Mankind is created in God likeness as well as His image. To produce God’s like kind a like seed had to be planted and produce a likeness. Mankind is not a tree, so we are created in God’s image and created to produce God’s like kind or God’s love. God is love and God is Spirit, in turn the Spirit of God produces love because the Spirit of God is love. God is long suffering, and love is long suffering. And it continues so with all the attributes of love. They are also the attributes of God and in turn of the Spirit of God.
The question asked is, “Where do works fit in a grace doctrine?” Look again at the order. Faith activates grace and salvation comes through grace alone. So faith is part of grace and a gift from God. First comes faith but before faith came something to have faith in, an object for one’s faith. God gave us that object in His Son Jesus Christ. So the object of faith is a gift from God; faith in the Son of God, grace through faith, and the fruit of love all as a gifts from God. Here is where the serpent tripped us up. With the knowledge of good and evil came alternate objects for our faith to focus on.

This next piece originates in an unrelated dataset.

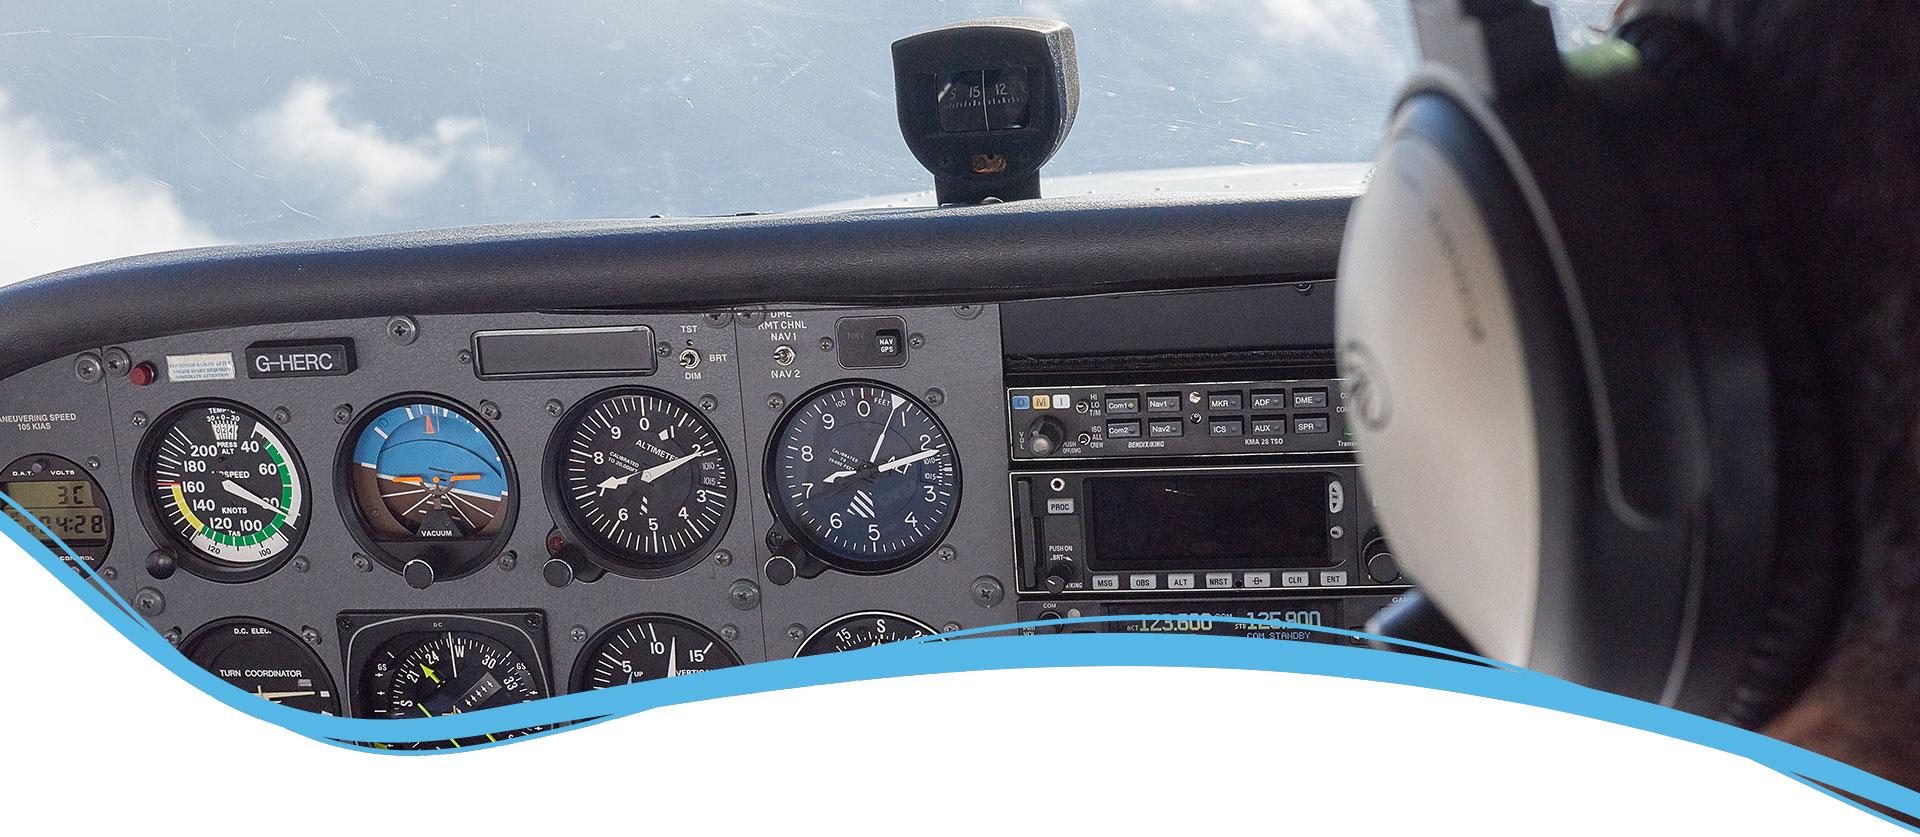 Flying Training

With our knowledge of good and evil mankind created gods of created things, including our forefathers, devils, demons, created spirits, and our own knowledge claiming there is no God. To receive the promise of the indwelling of God in the form of the Holy Spirit the object of faith must be God in Jesus the Christ. To produce the fruit of the Spirit requires the gift of the indwelling of the Spirit producing like kind.

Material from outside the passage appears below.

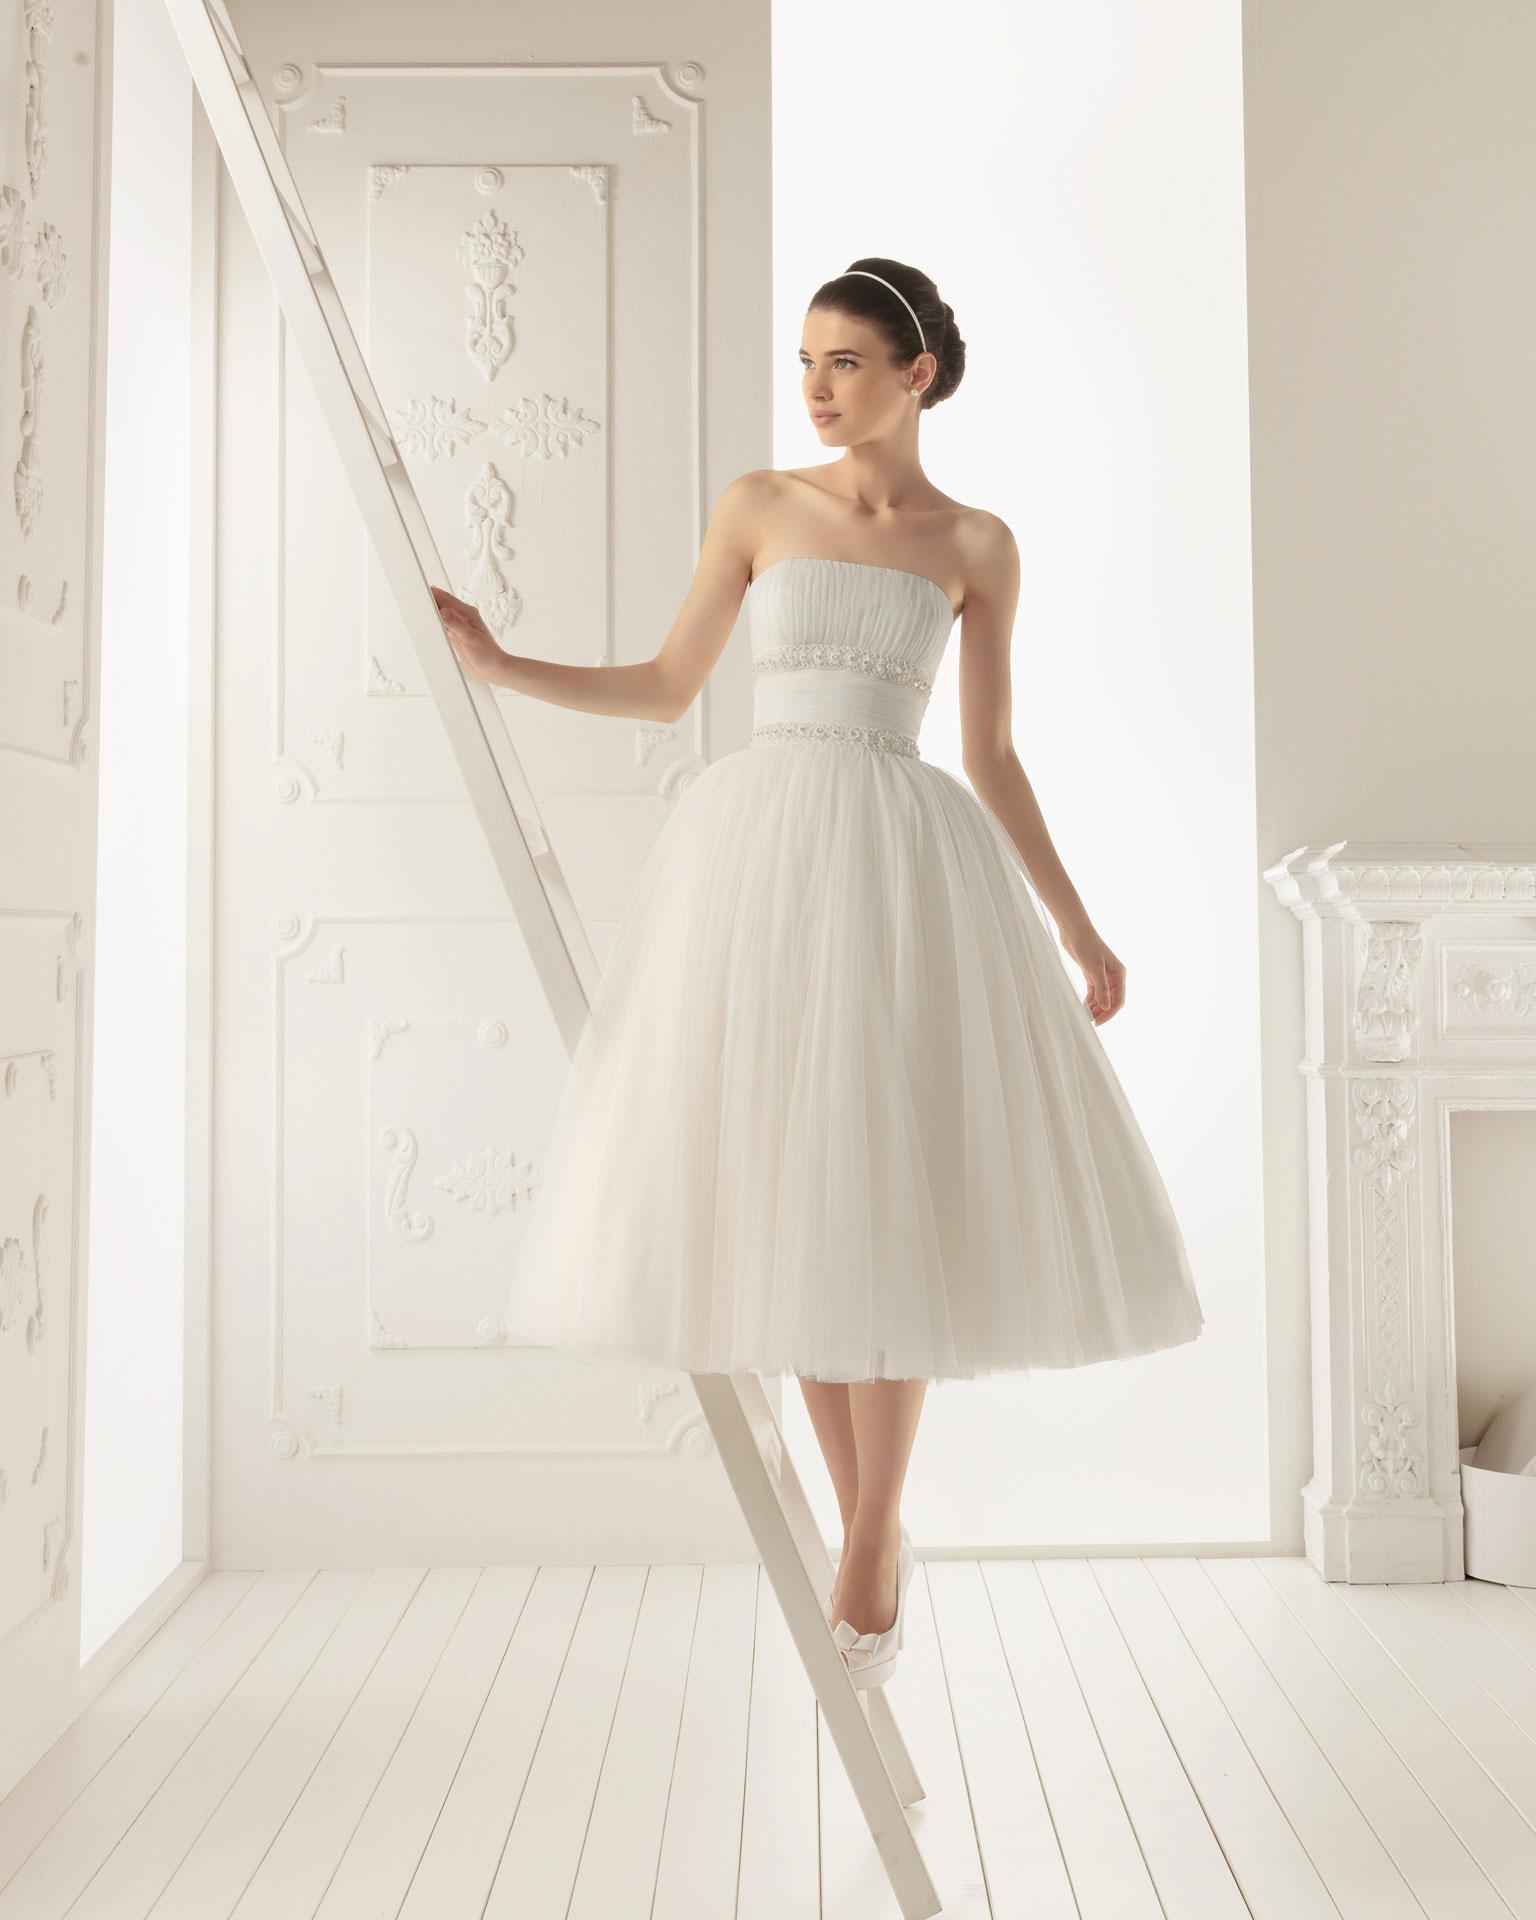 Vestidos de Novia con Mucho Volumen | Tu Boda de Blog - Paperblog

Again the question asked is, “Where do works fit in a grace doctrine?” Works are a direct result of God’s love working in the physical realm. Salvation is by grace through faith in Jesus Christ as the Son of God and as our savior. By grace we receive the promised Holy Spirit, and through the Spirit we produce the fruit of the Spirit required to abide in the Son of God alive for an eternity. All of those are encompassed in grace given to us by God as a gift, when the gift of faith is focused on God through Jesus Christ. Our part is to use the gift of faith to believe in the gift of Jesus Christ to salvation leading to the gift of eternal life. Salvation by grace alone is faith as a gift from God leading to a belief in the work of God in our behalf leading to eternal life. Physical works are the results of an outpouring of God’s love, being produced in us by the Holy Spirit, being added to the love of God that sent us a savior to believe in. Jesus being the seed of love the Holy Spirit is planting in us to produce like kind.

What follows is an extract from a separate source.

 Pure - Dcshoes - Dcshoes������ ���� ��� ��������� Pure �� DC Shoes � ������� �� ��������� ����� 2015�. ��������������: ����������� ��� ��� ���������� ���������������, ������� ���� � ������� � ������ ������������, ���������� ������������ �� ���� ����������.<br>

“Then the righteous will answer Him, saying, ‘Lord, when did we see You hungry and feed You, or thirsty and give You drink? When did we see You a stranger and take You in, or naked and clothe You? Or when did we see You sick, or in prison, and come to You? And the King will answer and say to them, ‘Assuredly, I say to you, inasmuch as you did it to one of the least of these My brethren, you did it to Me’” (Matthew 25:38-40). The righteousness of God in Christ Jesus does not see when they performed the works of love, because the works of love are an outflow of the love of God given to them in the form of Jesus Christ and being produced in them as a product of the Holy Spirit. The good works of the body of Christ are a response to being the temple of God and having the holy of holies in them where the Spirit of God dwells. Obedience is separate from the law of do and don’t, to the flow of God’s love separating us from the knowledge of good and evil and leaning to God’s understanding.